When adding parse/all it didn't seem to change anything. Finally this seems to work (using set-word has been indeed a great help for debugging !!!), what do you think ?

content: {<tag attribute1="valueattribute1" attribute2="valueattribute2" attribute3="valueattribute3">
</tag>
<tag attribute2="valueattribute21" attribute1="valueattribute11" >
</tag>
}


attribute1: [to {attribute1="} thru {attribute1="} copy valueattribute1 to {"} thru {"}]
attribute3: [to {attribute3="} thru {attribute3="} copy valueattribute3 to {"} thru {"}]

letter: charset reduce ["ABCDEFGHIJKLMNOPQRSTUabcdefghijklmnopqrstuvwxyz1234567890="]

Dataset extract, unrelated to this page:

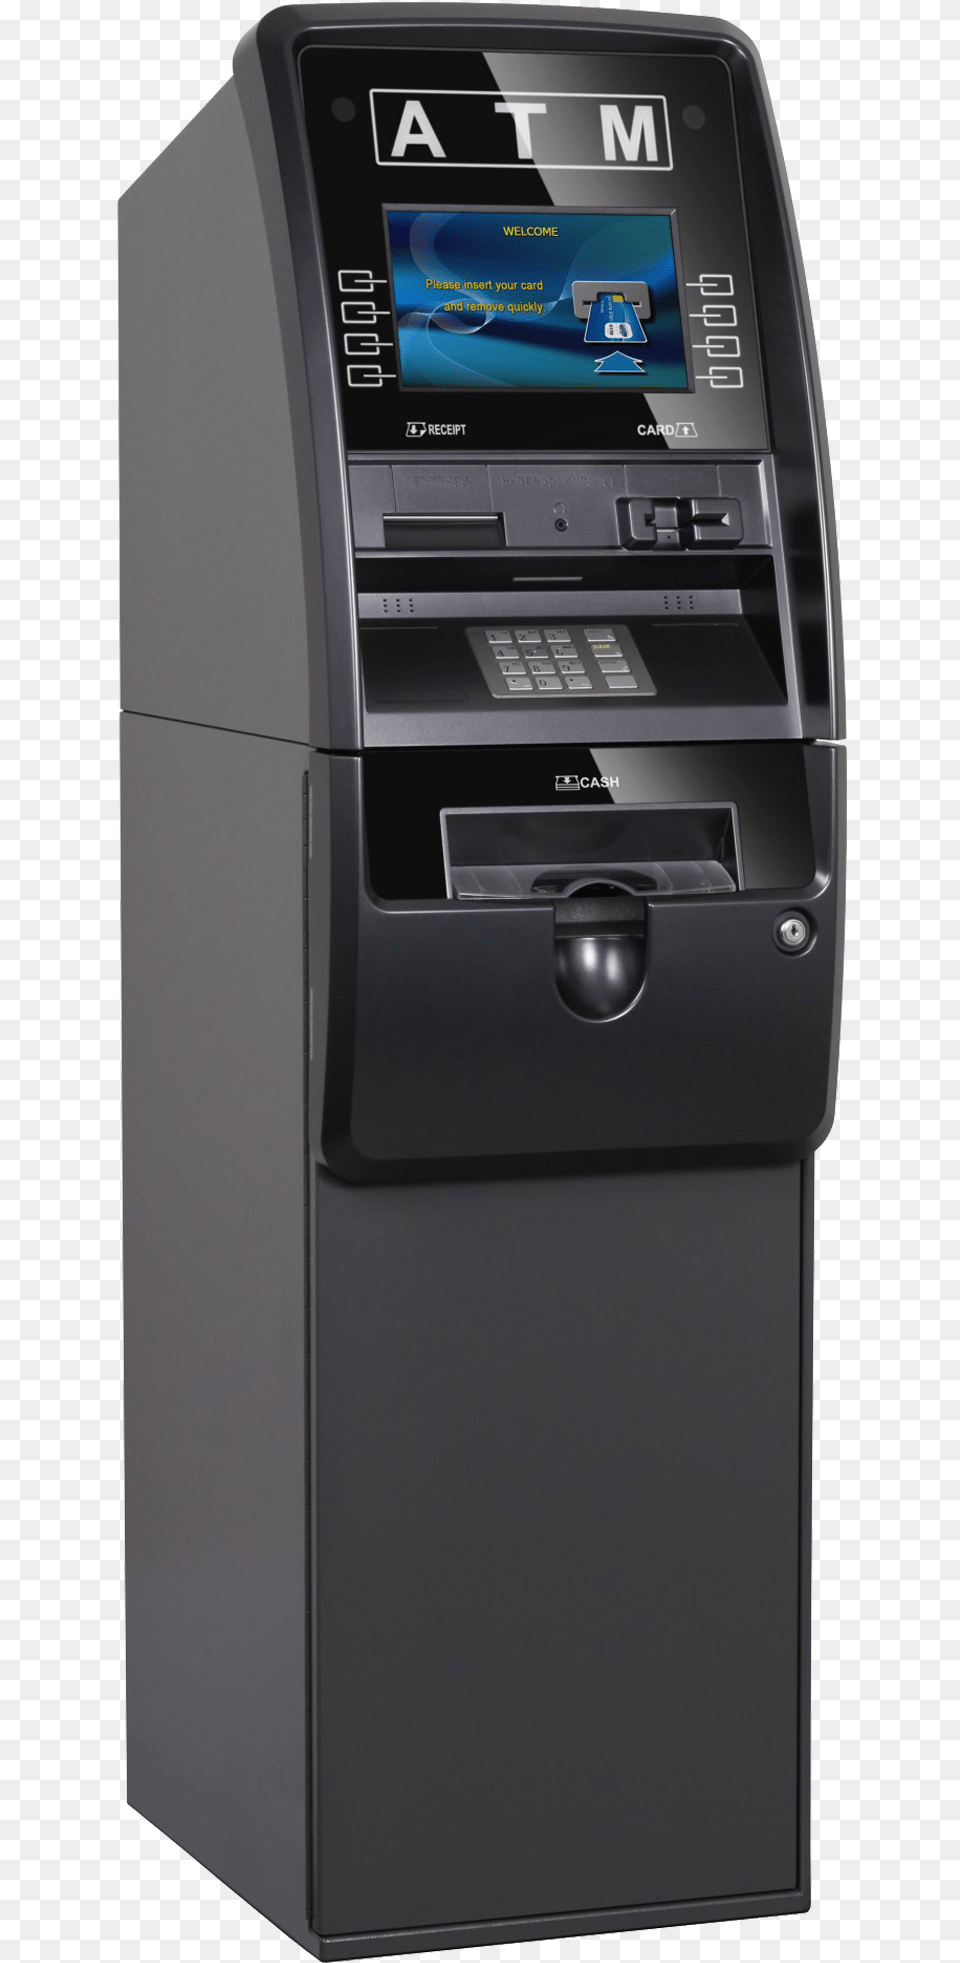 Genmega Onyx Atm From Empire Atm Group Empireatmgroup Genmega Onyx, Machine Png Image

attributes-rule: [(valueattribute1: none valueattribute3: none) 
[attribute1 | none] any letter pos: 
[attribute3 | none] (print valueattribute1 print valueattribute3)
| [attribute3 | none] any letter [attribute1 | none] (print valueattribute3 print valueattribute1
valueattribute1: none valueattribute3: none
)
| none
]

rule: [any [to {<tag } thru {<tag } attributes-rule {>} to {</tag>} thru {</tag>}] to end]

parse content rule

which outputs:

>> parse/all content rule
valueattribute1
valueattribute3
valueattribute11
none
== true
>>
Rebol Tutorial
Since you weren't aware of the "get parse position" trick with set-words, I'll mention the analogous tool for "set parse position" from a variable pointing to a series type... use a get-word! Cool, huh?
Hostile Fork
I edited my answer to include a couple of other notes.
Hostile Fork